Inclusion-Exclusion principle, which will be called from now also the principle, is a famous and very useful technique in combinatorics, probability and counting.

For the purpose of this article, at the beginning the most common application of the principle, which is counting the cardinality of sum of $$n$$ sets, will be considered. Later, more applications will be given.

**Cardinality of the sum of sets**

For a given set $$A$$ of $$n$$ sets $$A_1, A_2, \ldots, A_n$$, let $$S_n$$ be the sum of these sets, more formally, $$S_n = \bigg|\bigcup_{i=1}^n A_i\bigg|$$

The principle gives a direct formula for computing $$S_n$$. It is important to notice that since any two of given sets can have a non-empty intersection, the cardinality of their sum can be smaller than the sum of their cardinalities. This is the reason why inclusion-exclusion principle is so useful.

**The formula:**

$$$S_n = \sum_{i = 1}^n |A_i| - \sum_{1 \leq i < j \leq n} |A_i \cap A_j| + \sum_{1 \leq i < j < k \leq n} |A_i \cap A_j \cap A_k| - \ldots + (-1)^{n - 1} \cdot |A_1 \cap \ldots \cap A_n|$$$

If for a given set $$A$$ of $$n$$ sets $$A_1, A_2, \ldots, A_n$$, the cardinality of intersection of sets in any subset of $$A$$ can be computed efficiently, then the formula can be used in order to get the value of $$S_n$$.
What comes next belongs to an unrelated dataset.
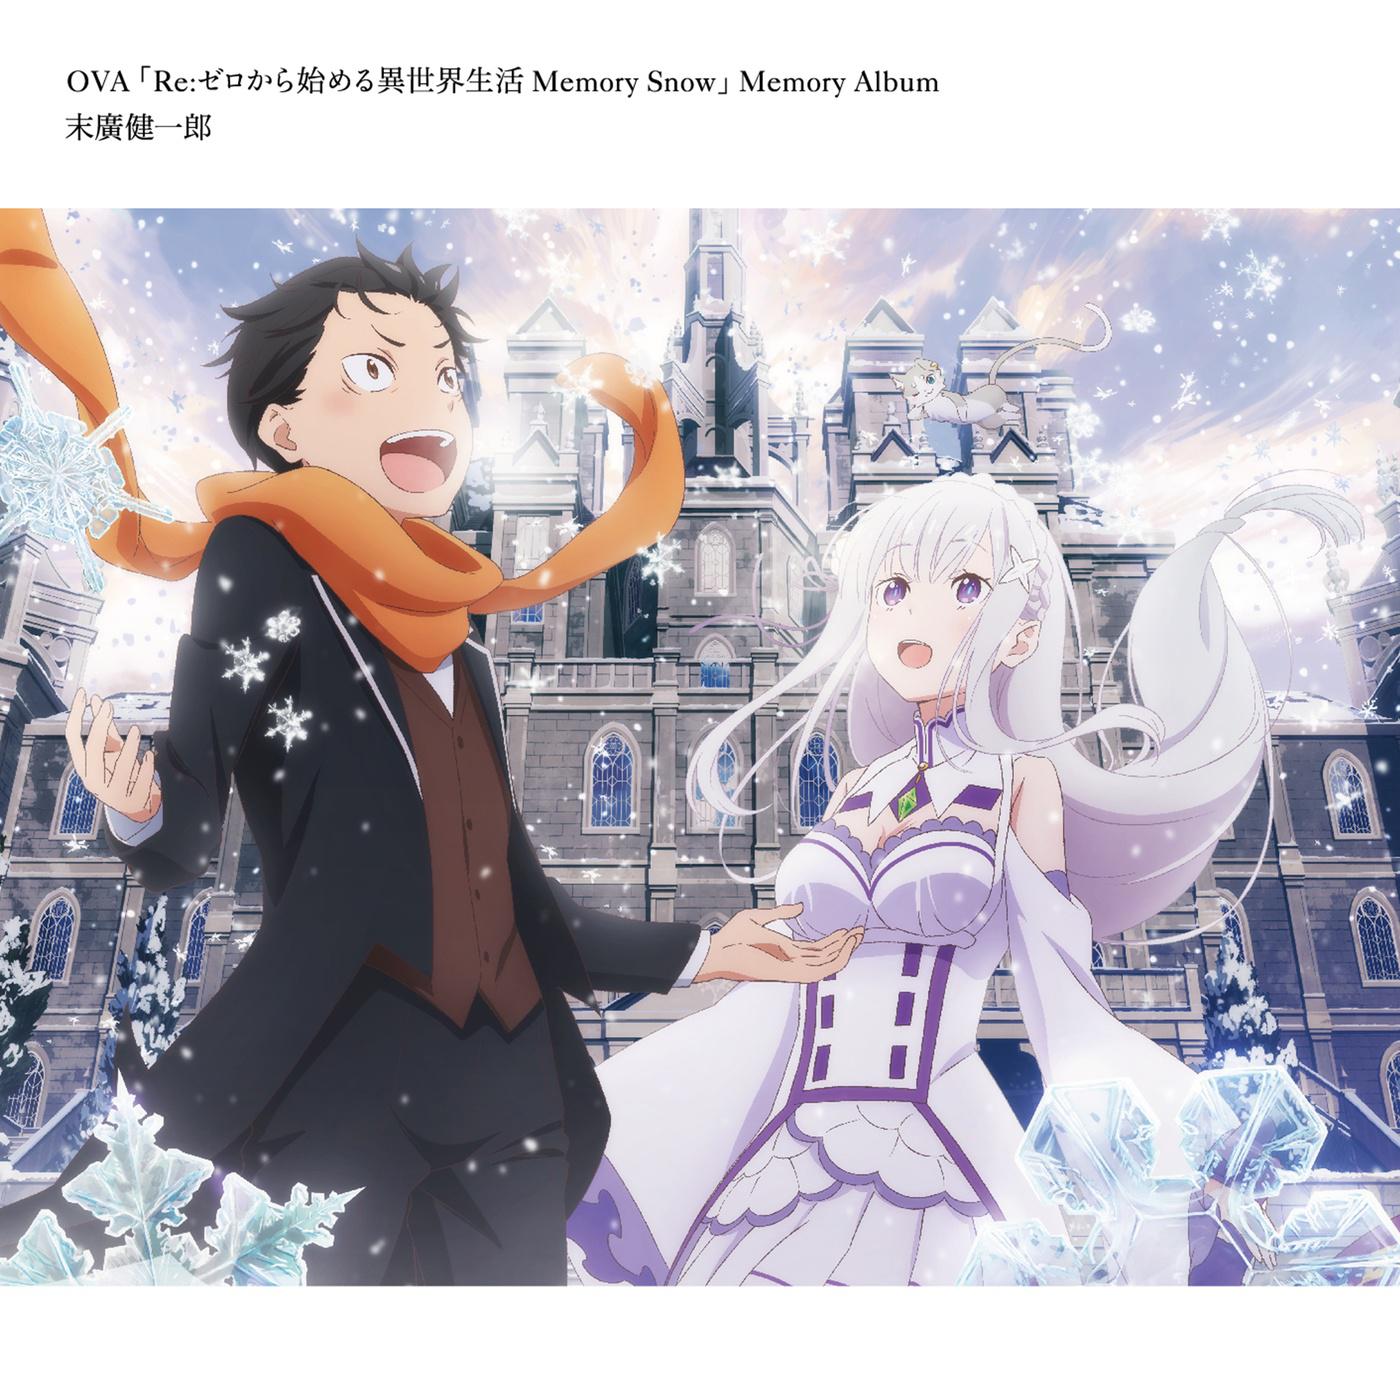 White White Snow歌词 歌手nonoc-专辑OVA「Re:ゼロから始める異世界生活 Memory Snow」Memory Album-单曲《White White Snow》LRC歌词下载

A very important thing to notice is that the formula can be quite long. Actually, each subset of $$A$$ is considered exactly once in the formula, thus the formula for a set of $$n$$ sets has $$2^n$$ components. This is very important fact to keep in mind. Inclusion-exclusion principle has may different applications, but in some of them the complexity cost of using it is too big to be practical.

**Example:**

Let $$A$$ be a set of $$4$$ sets:

$$A_1 = {1,2,3}$$

$$A_2 = {2,3,4}$$

$$A_3 = {1,3,5}$$

$$A_4 = {2, 3}$$

The goal is to compute the cardinality of sum of all the above subsets. For the purpose of the example, let $$A_{i, j}, A_{i, j, k}, A_{i, j, k, l}$$ denote correspondently the intersection of sets $$A_i$$ and $$A_j$$, the intersection of sets $$A_i, A_j, A_k$$, and the intersection of sets $$A_i, A_j, A_k, A_l$$.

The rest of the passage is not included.